##### Material for this task
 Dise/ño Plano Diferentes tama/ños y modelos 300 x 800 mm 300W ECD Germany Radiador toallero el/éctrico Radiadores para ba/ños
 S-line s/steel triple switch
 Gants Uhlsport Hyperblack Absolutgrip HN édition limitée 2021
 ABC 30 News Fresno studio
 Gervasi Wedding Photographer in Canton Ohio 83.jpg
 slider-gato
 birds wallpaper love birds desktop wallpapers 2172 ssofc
##########
▶ **Task prompt**:
From the first line of the listing above through the line that contains "slider-gato", retype every line exactly, and write nothing else.

▶ **Task result**:
 Dise/ño Plano Diferentes tama/ños y modelos 300 x 800 mm 300W ECD Germany Radiador toallero el/éctrico Radiadores para ba/ños
 S-line s/steel triple switch
 Gants Uhlsport Hyperblack Absolutgrip HN édition limitée 2021
 ABC 30 News Fresno studio
 Gervasi Wedding Photographer in Canton Ohio 83.jpg
 slider-gato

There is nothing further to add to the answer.